◆ **Exercise data**
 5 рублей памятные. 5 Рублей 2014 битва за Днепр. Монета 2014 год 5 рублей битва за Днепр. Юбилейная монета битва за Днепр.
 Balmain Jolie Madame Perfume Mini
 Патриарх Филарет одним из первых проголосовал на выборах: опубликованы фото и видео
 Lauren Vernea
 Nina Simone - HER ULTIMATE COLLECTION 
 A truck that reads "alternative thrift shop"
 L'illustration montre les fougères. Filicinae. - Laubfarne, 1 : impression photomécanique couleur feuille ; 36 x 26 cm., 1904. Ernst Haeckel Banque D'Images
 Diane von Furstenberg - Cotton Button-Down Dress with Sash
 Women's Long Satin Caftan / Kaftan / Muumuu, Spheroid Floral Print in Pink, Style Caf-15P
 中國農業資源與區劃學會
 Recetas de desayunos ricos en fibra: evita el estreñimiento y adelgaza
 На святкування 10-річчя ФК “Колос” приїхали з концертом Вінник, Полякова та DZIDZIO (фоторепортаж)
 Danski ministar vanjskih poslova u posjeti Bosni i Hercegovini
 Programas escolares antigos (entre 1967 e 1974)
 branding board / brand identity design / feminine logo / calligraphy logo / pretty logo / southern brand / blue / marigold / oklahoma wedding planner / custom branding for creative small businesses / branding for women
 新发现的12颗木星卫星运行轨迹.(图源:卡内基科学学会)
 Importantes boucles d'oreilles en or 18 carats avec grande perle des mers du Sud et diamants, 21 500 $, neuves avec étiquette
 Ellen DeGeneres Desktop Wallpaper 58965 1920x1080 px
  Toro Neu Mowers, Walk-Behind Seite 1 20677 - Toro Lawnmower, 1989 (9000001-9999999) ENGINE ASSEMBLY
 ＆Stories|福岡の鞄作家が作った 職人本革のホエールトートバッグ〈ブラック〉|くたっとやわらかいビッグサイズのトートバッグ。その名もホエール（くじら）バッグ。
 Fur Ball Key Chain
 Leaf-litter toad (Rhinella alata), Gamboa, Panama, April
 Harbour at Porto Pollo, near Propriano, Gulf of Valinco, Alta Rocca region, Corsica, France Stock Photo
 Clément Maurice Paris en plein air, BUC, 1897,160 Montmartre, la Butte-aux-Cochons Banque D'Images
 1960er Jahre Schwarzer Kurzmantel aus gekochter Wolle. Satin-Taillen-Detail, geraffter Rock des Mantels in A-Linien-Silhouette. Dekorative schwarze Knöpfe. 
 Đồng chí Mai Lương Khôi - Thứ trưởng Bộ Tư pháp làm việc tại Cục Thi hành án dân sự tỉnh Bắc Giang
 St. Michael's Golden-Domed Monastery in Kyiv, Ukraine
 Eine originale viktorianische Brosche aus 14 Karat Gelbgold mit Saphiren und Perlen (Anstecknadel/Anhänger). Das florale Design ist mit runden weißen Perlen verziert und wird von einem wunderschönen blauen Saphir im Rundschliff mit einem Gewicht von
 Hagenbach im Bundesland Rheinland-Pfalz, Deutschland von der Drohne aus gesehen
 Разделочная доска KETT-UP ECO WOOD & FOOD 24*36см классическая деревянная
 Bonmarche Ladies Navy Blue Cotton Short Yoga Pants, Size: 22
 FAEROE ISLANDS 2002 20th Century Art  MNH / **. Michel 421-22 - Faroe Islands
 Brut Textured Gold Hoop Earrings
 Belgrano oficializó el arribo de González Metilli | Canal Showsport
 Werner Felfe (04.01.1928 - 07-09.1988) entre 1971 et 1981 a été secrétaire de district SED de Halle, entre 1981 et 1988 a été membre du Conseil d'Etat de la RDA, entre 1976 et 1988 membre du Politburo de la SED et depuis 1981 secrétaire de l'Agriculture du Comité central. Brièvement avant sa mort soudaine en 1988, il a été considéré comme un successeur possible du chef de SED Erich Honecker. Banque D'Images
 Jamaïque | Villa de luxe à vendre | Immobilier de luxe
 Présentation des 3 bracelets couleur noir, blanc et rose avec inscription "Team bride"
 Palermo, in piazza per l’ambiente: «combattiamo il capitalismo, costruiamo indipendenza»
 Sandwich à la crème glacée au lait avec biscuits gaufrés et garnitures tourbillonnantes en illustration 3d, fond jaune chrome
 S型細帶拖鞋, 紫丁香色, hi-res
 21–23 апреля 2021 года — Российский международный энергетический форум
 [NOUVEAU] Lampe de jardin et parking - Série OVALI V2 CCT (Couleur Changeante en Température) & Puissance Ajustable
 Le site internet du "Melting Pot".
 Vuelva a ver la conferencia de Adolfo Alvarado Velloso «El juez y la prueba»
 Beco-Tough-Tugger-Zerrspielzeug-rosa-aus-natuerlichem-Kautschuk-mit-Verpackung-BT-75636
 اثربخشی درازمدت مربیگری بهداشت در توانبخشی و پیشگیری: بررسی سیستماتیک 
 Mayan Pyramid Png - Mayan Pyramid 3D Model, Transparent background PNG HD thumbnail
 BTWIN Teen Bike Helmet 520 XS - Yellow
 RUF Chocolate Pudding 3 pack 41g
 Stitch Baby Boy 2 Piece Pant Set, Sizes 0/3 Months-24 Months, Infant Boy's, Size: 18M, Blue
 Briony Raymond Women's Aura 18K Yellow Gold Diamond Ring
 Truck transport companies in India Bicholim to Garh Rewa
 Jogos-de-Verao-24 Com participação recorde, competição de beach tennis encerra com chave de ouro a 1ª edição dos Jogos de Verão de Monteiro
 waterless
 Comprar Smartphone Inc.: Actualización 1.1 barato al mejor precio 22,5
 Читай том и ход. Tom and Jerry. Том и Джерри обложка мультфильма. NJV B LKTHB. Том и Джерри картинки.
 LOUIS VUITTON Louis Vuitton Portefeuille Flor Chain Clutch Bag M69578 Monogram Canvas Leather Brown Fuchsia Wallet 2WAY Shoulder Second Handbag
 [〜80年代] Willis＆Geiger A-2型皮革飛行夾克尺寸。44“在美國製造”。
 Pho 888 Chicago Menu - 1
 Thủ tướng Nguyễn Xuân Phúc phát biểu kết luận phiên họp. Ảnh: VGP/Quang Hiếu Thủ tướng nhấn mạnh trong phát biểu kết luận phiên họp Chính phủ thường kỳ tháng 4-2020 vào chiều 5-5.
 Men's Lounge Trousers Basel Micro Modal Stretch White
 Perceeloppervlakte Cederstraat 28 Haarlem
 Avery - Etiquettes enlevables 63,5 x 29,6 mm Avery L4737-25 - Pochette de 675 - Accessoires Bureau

◆ **Task requirements**
The entries above are to be output exactly as they appear.

◆ **Expected output**
 5 рублей памятные. 5 Рублей 2014 битва за Днепр. Монета 2014 год 5 рублей битва за Днепр. Юбилейная монета битва за Днепр.
 Balmain Jolie Madame Perfume Mini
 Патриарх Филарет одним из первых проголосовал на выборах: опубликованы фото и видео
 Lauren Vernea
 Nina Simone - HER ULTIMATE COLLECTION 
 A truck that reads "alternative thrift shop"
 L'illustration montre les fougères. Filicinae. - Laubfarne, 1 : impression photomécanique couleur feuille ; 36 x 26 cm., 1904. Ernst Haeckel Banque D'Images
 Diane von Furstenberg - Cotton Button-Down Dress with Sash
 Women's Long Satin Caftan / Kaftan / Muumuu, Spheroid Floral Print in Pink, Style Caf-15P
 中國農業資源與區劃學會
 Recetas de desayunos ricos en fibra: evita el estreñimiento y adelgaza
 На святкування 10-річчя ФК “Колос” приїхали з концертом Вінник, Полякова та DZIDZIO (фоторепортаж)
 Danski ministar vanjskih poslova u posjeti Bosni i Hercegovini
 Programas escolares antigos (entre 1967 e 1974)
 branding board / brand identity design / feminine logo / calligraphy logo / pretty logo / southern brand / blue / marigold / oklahoma wedding planner / custom branding for creative small businesses / branding for women
 新发现的12颗木星卫星运行轨迹.(图源:卡内基科学学会)
 Importantes boucles d'oreilles en or 18 carats avec grande perle des mers du Sud et diamants, 21 500 $, neuves avec étiquette
 Ellen DeGeneres Desktop Wallpaper 58965 1920x1080 px
  Toro Neu Mowers, Walk-Behind Seite 1 20677 - Toro Lawnmower, 1989 (9000001-9999999) ENGINE ASSEMBLY
 ＆Stories|福岡の鞄作家が作った 職人本革のホエールトートバッグ〈ブラック〉|くたっとやわらかいビッグサイズのトートバッグ。その名もホエール（くじら）バッグ。
 Fur Ball Key Chain
 Leaf-litter toad (Rhinella alata), Gamboa, Panama, April
 Harbour at Porto Pollo, near Propriano, Gulf of Valinco, Alta Rocca region, Corsica, France Stock Photo
 Clément Maurice Paris en plein air, BUC, 1897,160 Montmartre, la Butte-aux-Cochons Banque D'Images
 1960er Jahre Schwarzer Kurzmantel aus gekochter Wolle. Satin-Taillen-Detail, geraffter Rock des Mantels in A-Linien-Silhouette. Dekorative schwarze Knöpfe. 
 Đồng chí Mai Lương Khôi - Thứ trưởng Bộ Tư pháp làm việc tại Cục Thi hành án dân sự tỉnh Bắc Giang
 St. Michael's Golden-Domed Monastery in Kyiv, Ukraine
 Eine originale viktorianische Brosche aus 14 Karat Gelbgold mit Saphiren und Perlen (Anstecknadel/Anhänger). Das florale Design ist mit runden weißen Perlen verziert und wird von einem wunderschönen blauen Saphir im Rundschliff mit einem Gewicht von
 Hagenbach im Bundesland Rheinland-Pfalz, Deutschland von der Drohne aus gesehen
 Разделочная доска KETT-UP ECO WOOD & FOOD 24*36см классическая деревянная
 Bonmarche Ladies Navy Blue Cotton Short Yoga Pants, Size: 22
 FAEROE ISLANDS 2002 20th Century Art  MNH / **. Michel 421-22 - Faroe Islands
 Brut Textured Gold Hoop Earrings
 Belgrano oficializó el arribo de González Metilli | Canal Showsport
 Werner Felfe (04.01.1928 - 07-09.1988) entre 1971 et 1981 a été secrétaire de district SED de Halle, entre 1981 et 1988 a été membre du Conseil d'Etat de la RDA, entre 1976 et 1988 membre du Politburo de la SED et depuis 1981 secrétaire de l'Agriculture du Comité central. Brièvement avant sa mort soudaine en 1988, il a été considéré comme un successeur possible du chef de SED Erich Honecker. Banque D'Images
 Jamaïque | Villa de luxe à vendre | Immobilier de luxe
 Présentation des 3 bracelets couleur noir, blanc et rose avec inscription "Team bride"
 Palermo, in piazza per l’ambiente: «combattiamo il capitalismo, costruiamo indipendenza»
 Sandwich à la crème glacée au lait avec biscuits gaufrés et garnitures tourbillonnantes en illustration 3d, fond jaune chrome
 S型細帶拖鞋, 紫丁香色, hi-res
 21–23 апреля 2021 года — Российский международный энергетический форум
 [NOUVEAU] Lampe de jardin et parking - Série OVALI V2 CCT (Couleur Changeante en Température) & Puissance Ajustable
 Le site internet du "Melting Pot".
 Vuelva a ver la conferencia de Adolfo Alvarado Velloso «El juez y la prueba»
 Beco-Tough-Tugger-Zerrspielzeug-rosa-aus-natuerlichem-Kautschuk-mit-Verpackung-BT-75636
 اثربخشی درازمدت مربیگری بهداشت در توانبخشی و پیشگیری: بررسی سیستماتیک 
 Mayan Pyramid Png - Mayan Pyramid 3D Model, Transparent background PNG HD thumbnail
 BTWIN Teen Bike Helmet 520 XS - Yellow
 RUF Chocolate Pudding 3 pack 41g
 Stitch Baby Boy 2 Piece Pant Set, Sizes 0/3 Months-24 Months, Infant Boy's, Size: 18M, Blue
 Briony Raymond Women's Aura 18K Yellow Gold Diamond Ring
 Truck transport companies in India Bicholim to Garh Rewa
 Jogos-de-Verao-24 Com participação recorde, competição de beach tennis encerra com chave de ouro a 1ª edição dos Jogos de Verão de Monteiro
 waterless
 Comprar Smartphone Inc.: Actualización 1.1 barato al mejor precio 22,5
 Читай том и ход. Tom and Jerry. Том и Джерри обложка мультфильма. NJV B LKTHB. Том и Джерри картинки.
 LOUIS VUITTON Louis Vuitton Portefeuille Flor Chain Clutch Bag M69578 Monogram Canvas Leather Brown Fuchsia Wallet 2WAY Shoulder Second Handbag
 [〜80年代] Willis＆Geiger A-2型皮革飛行夾克尺寸。44“在美國製造”。
 Pho 888 Chicago Menu - 1
 Thủ tướng Nguyễn Xuân Phúc phát biểu kết luận phiên họp. Ảnh: VGP/Quang Hiếu Thủ tướng nhấn mạnh trong phát biểu kết luận phiên họp Chính phủ thường kỳ tháng 4-2020 vào chiều 5-5.
 Men's Lounge Trousers Basel Micro Modal Stretch White
 Perceeloppervlakte Cederstraat 28 Haarlem
 Avery - Etiquettes enlevables 63,5 x 29,6 mm Avery L4737-25 - Pochette de 675 - Accessoires Bureau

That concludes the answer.